Given information:
--- --- ---

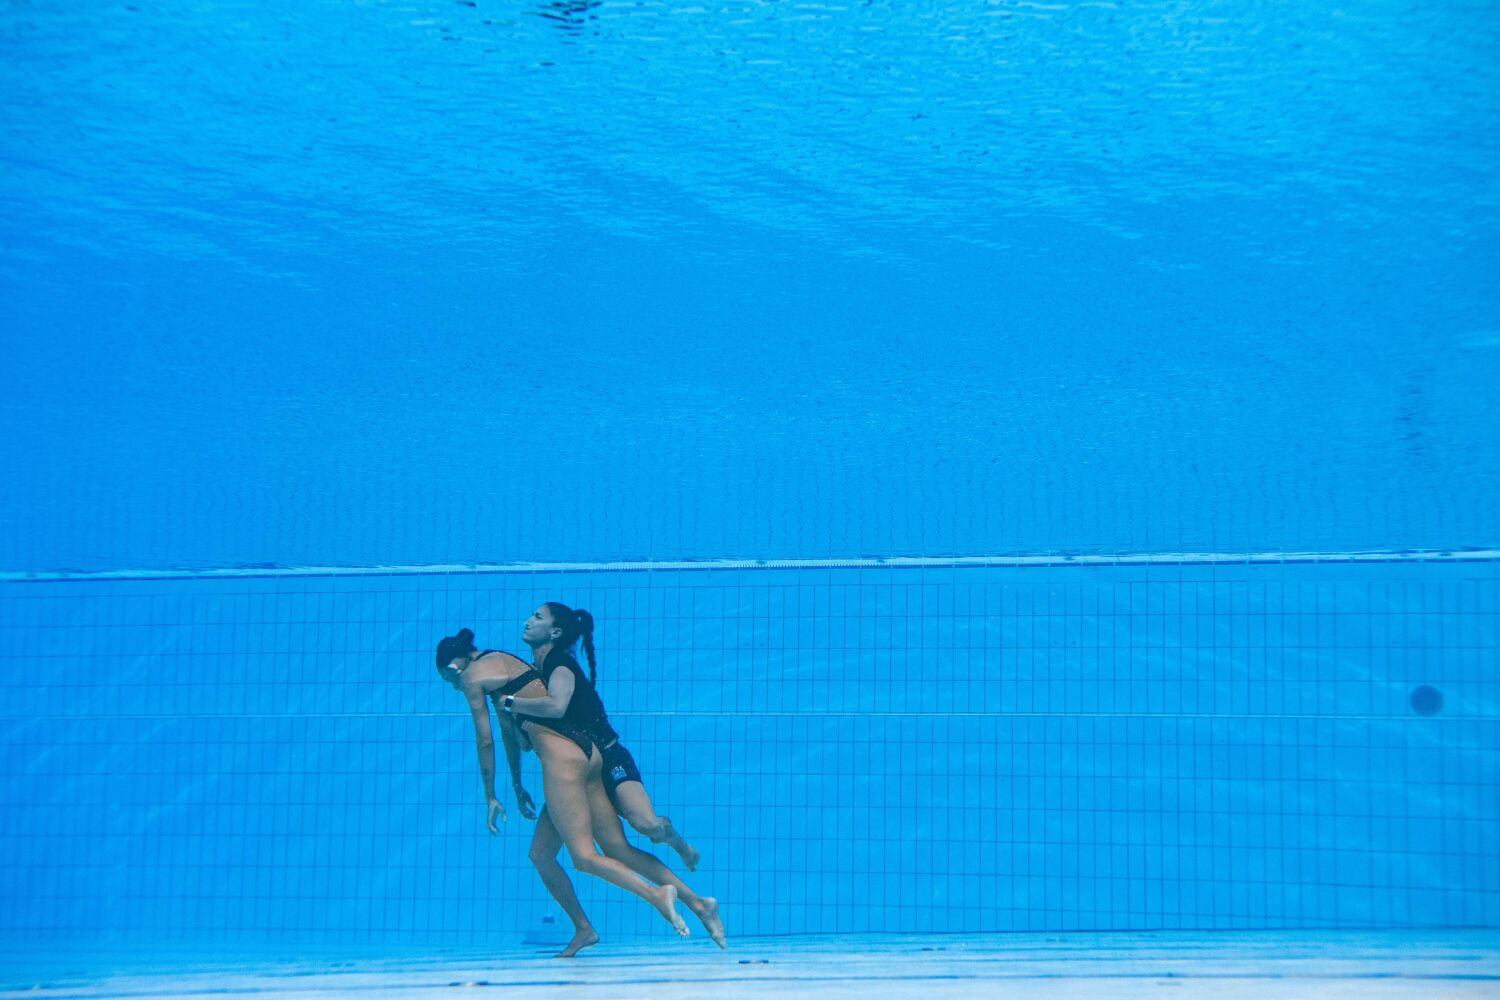 Dramatik fotoğraflar, ABD'li antrenörün yüzücü Anita Alvarez'i dünya şampiyonalarında kurtarmak için dalışa geçtiğini gösteriyor
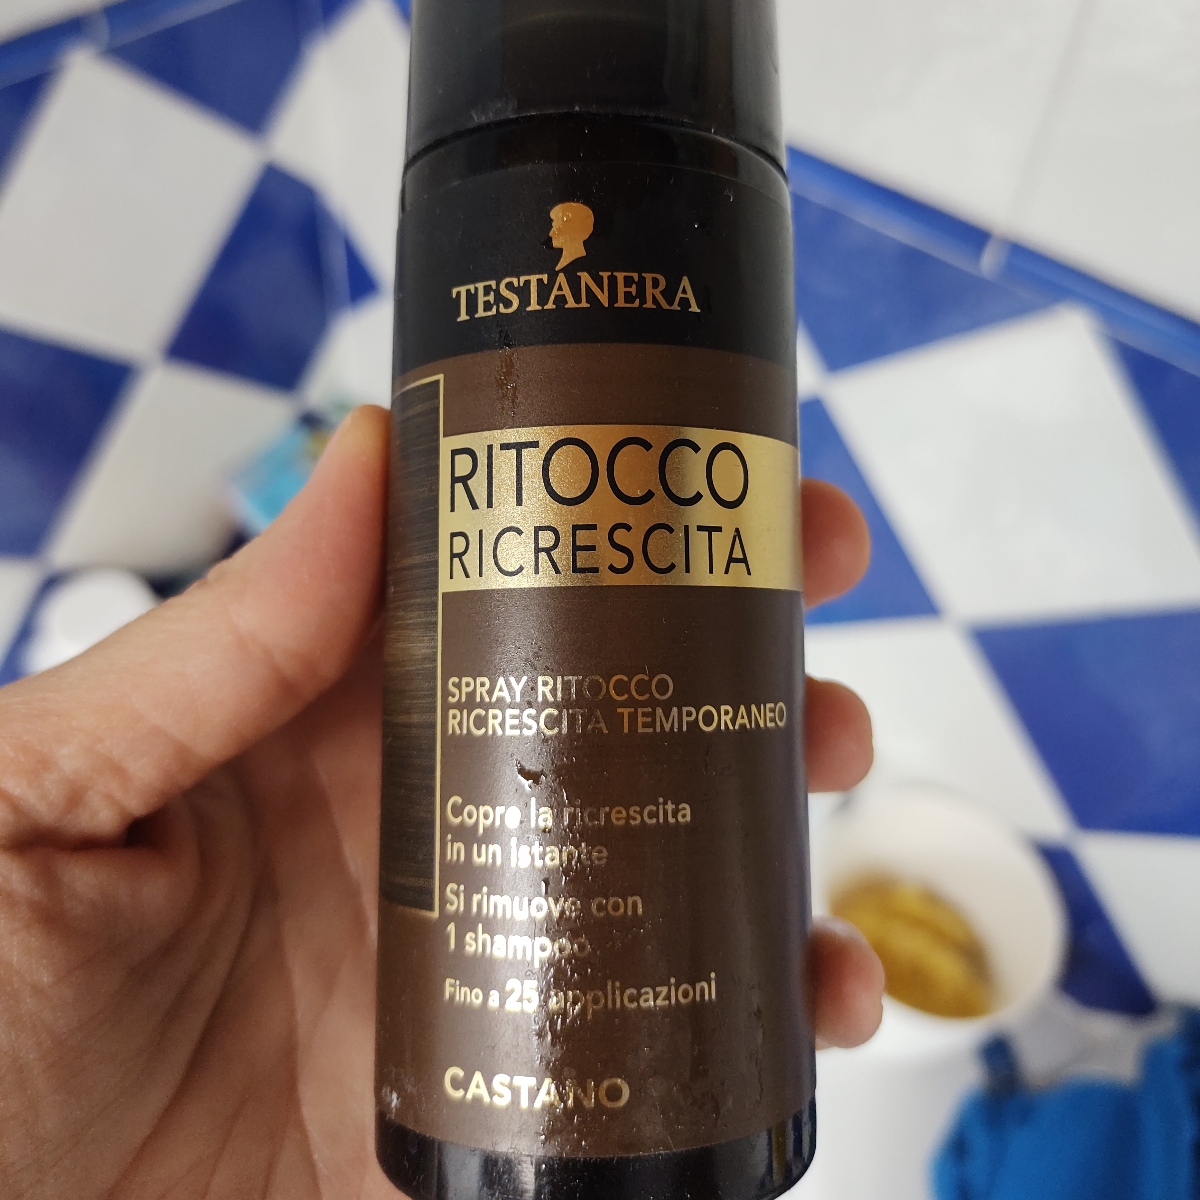 Testanera Ritocco ricrescita Reviews | abillion
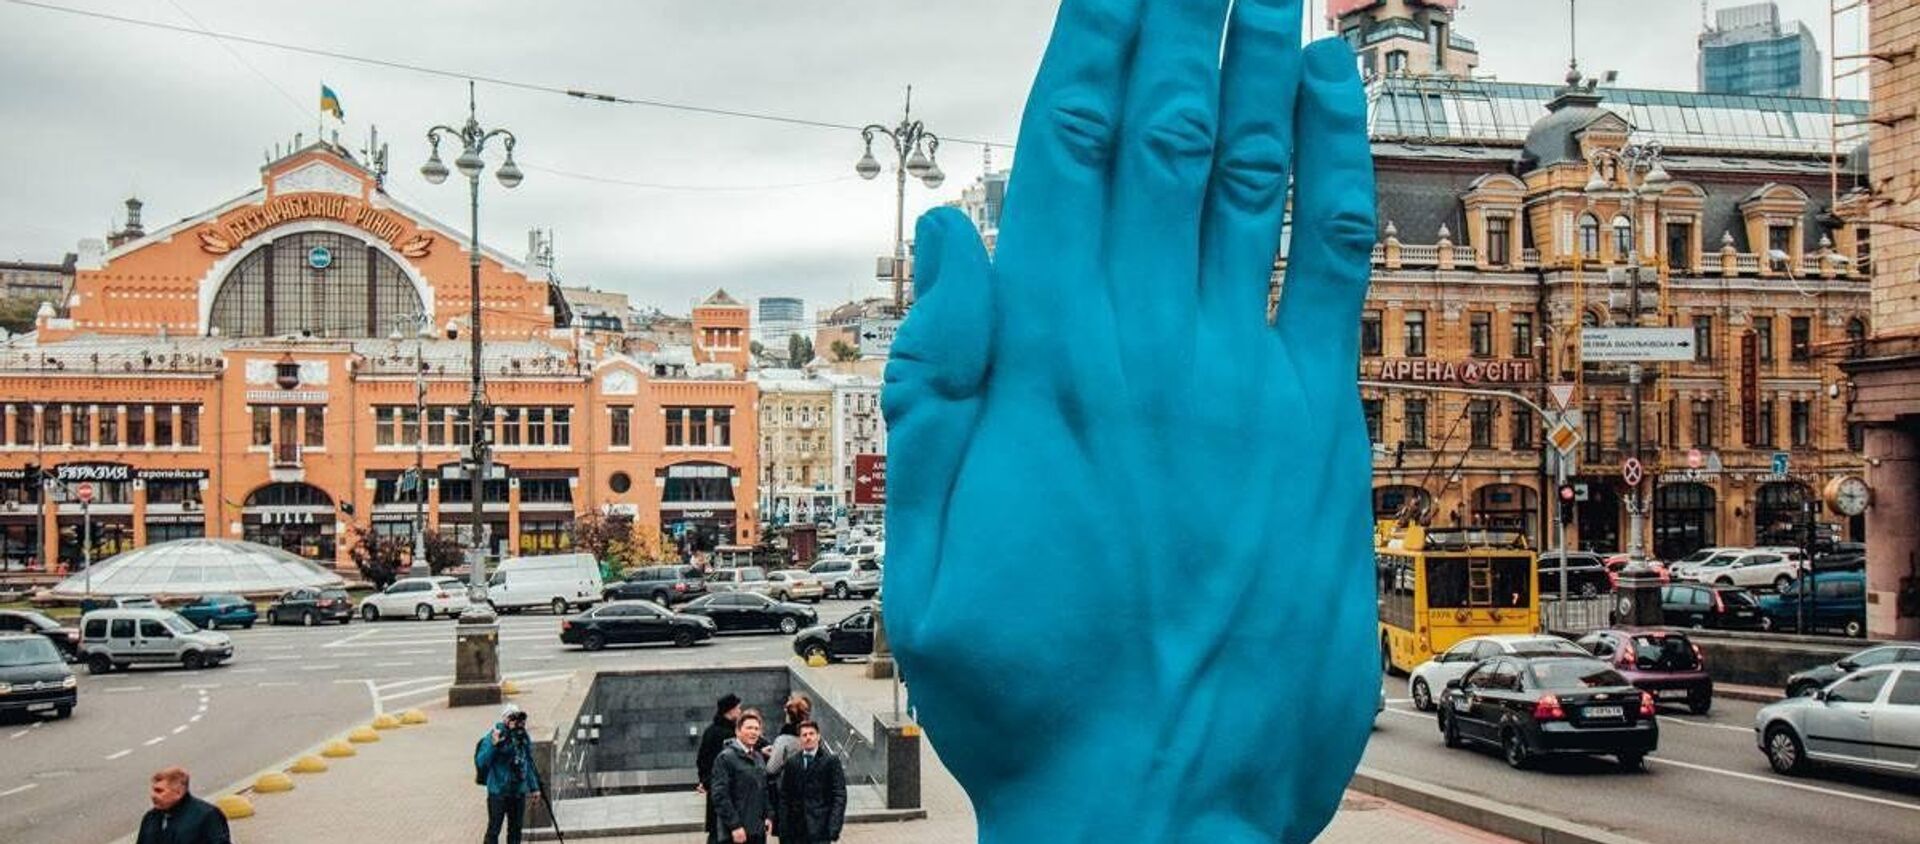 Một cánh tay lớn màu xanh xuất hiện ở Kiev, tại nơi trước kia là tượng đài Lenin - Sputnik Việt Nam, 1920, 27.09.2018
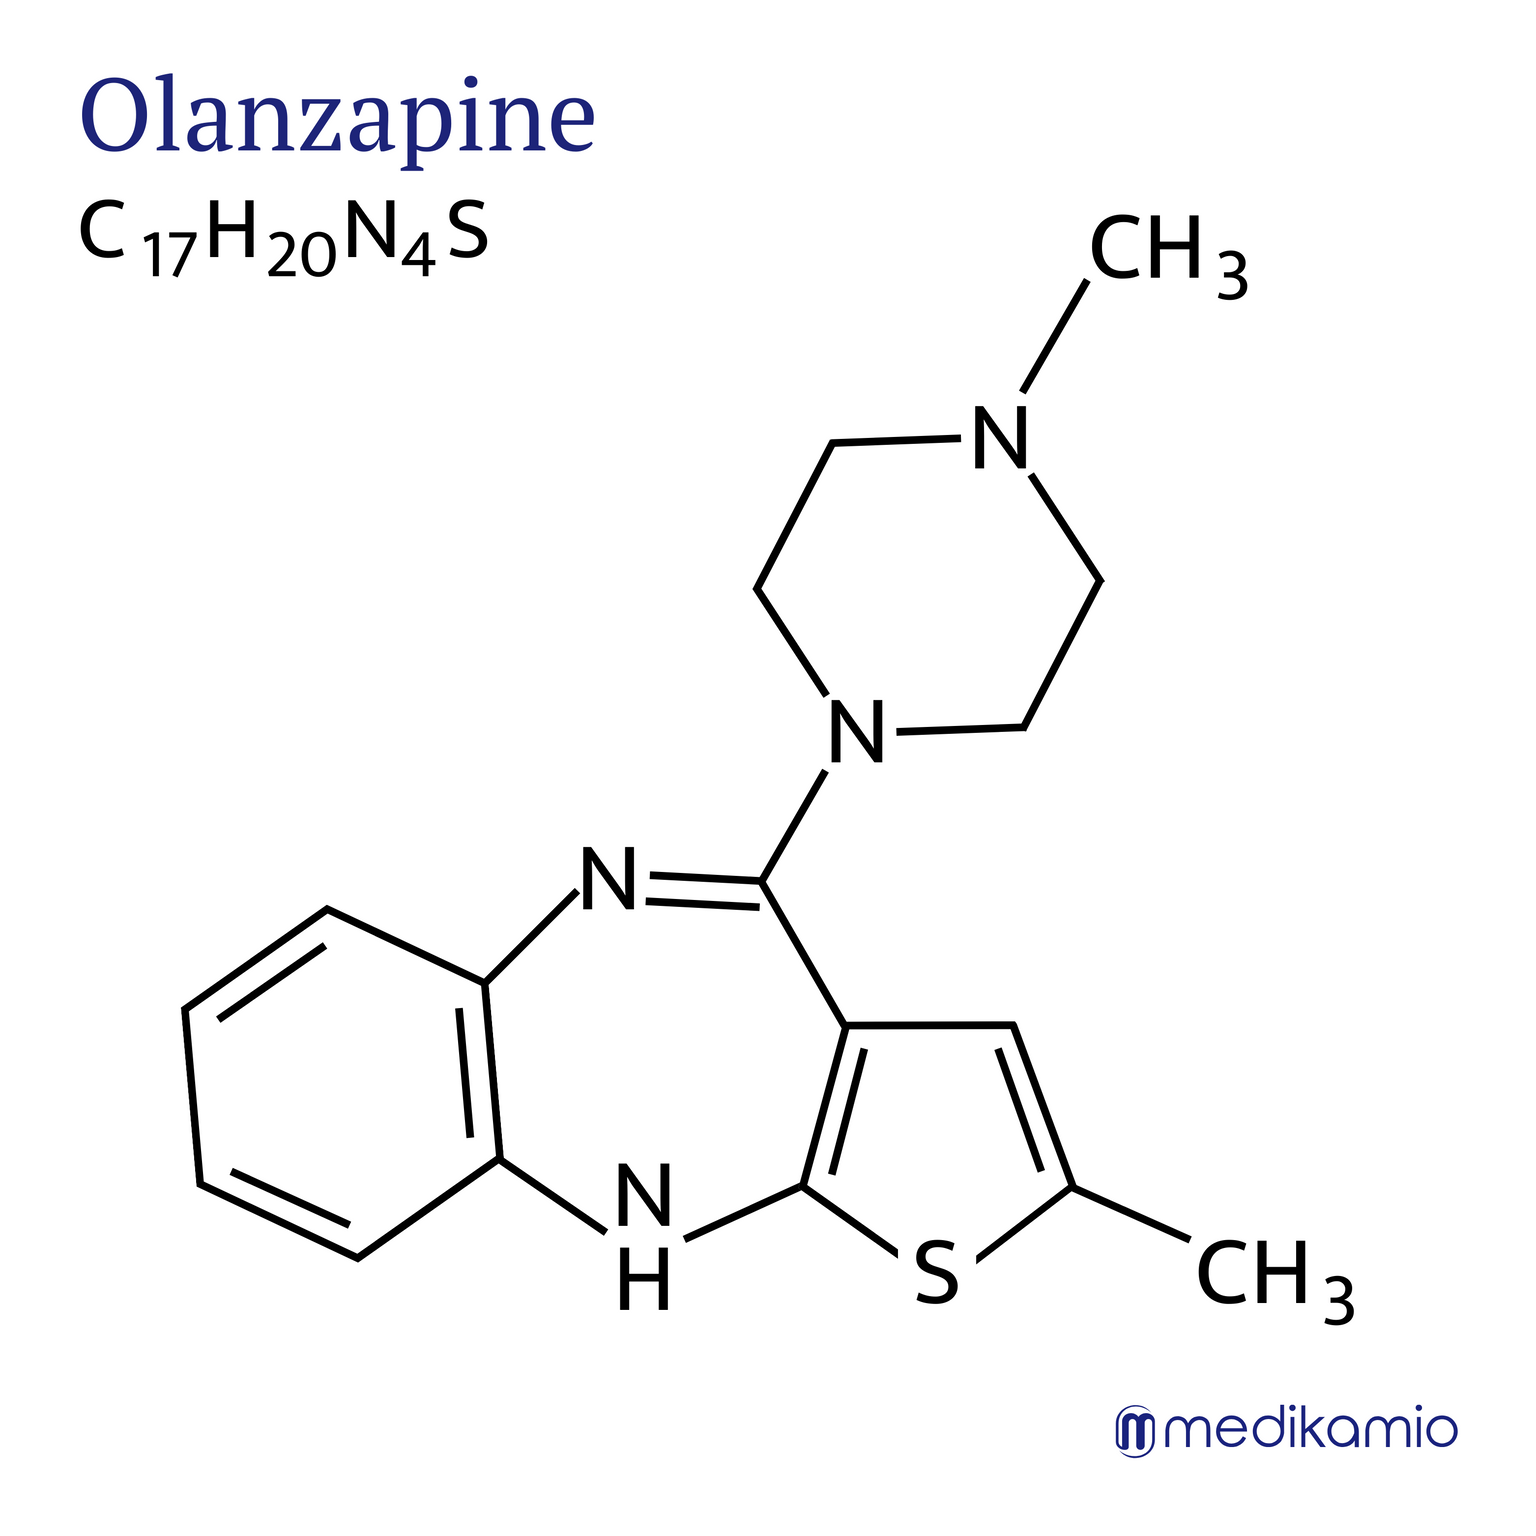 Fórmula estructural gráfica del principio activo olanzapina

--- --- ---

Omit the pictures and write out the remaining data exactly.

Result for this exercise:
 Dramatik fotoğraflar, ABD'li antrenörün yüzücü Anita Alvarez'i dünya şampiyonalarında kurtarmak için dalışa geçtiğini gösteriyor
 Testanera Ritocco ricrescita Reviews | abillion
 Một cánh tay lớn màu xanh xuất hiện ở Kiev, tại nơi trước kia là tượng đài Lenin - Sputnik Việt Nam, 1920, 27.09.2018
 Fórmula estructural gráfica del principio activo olanzapina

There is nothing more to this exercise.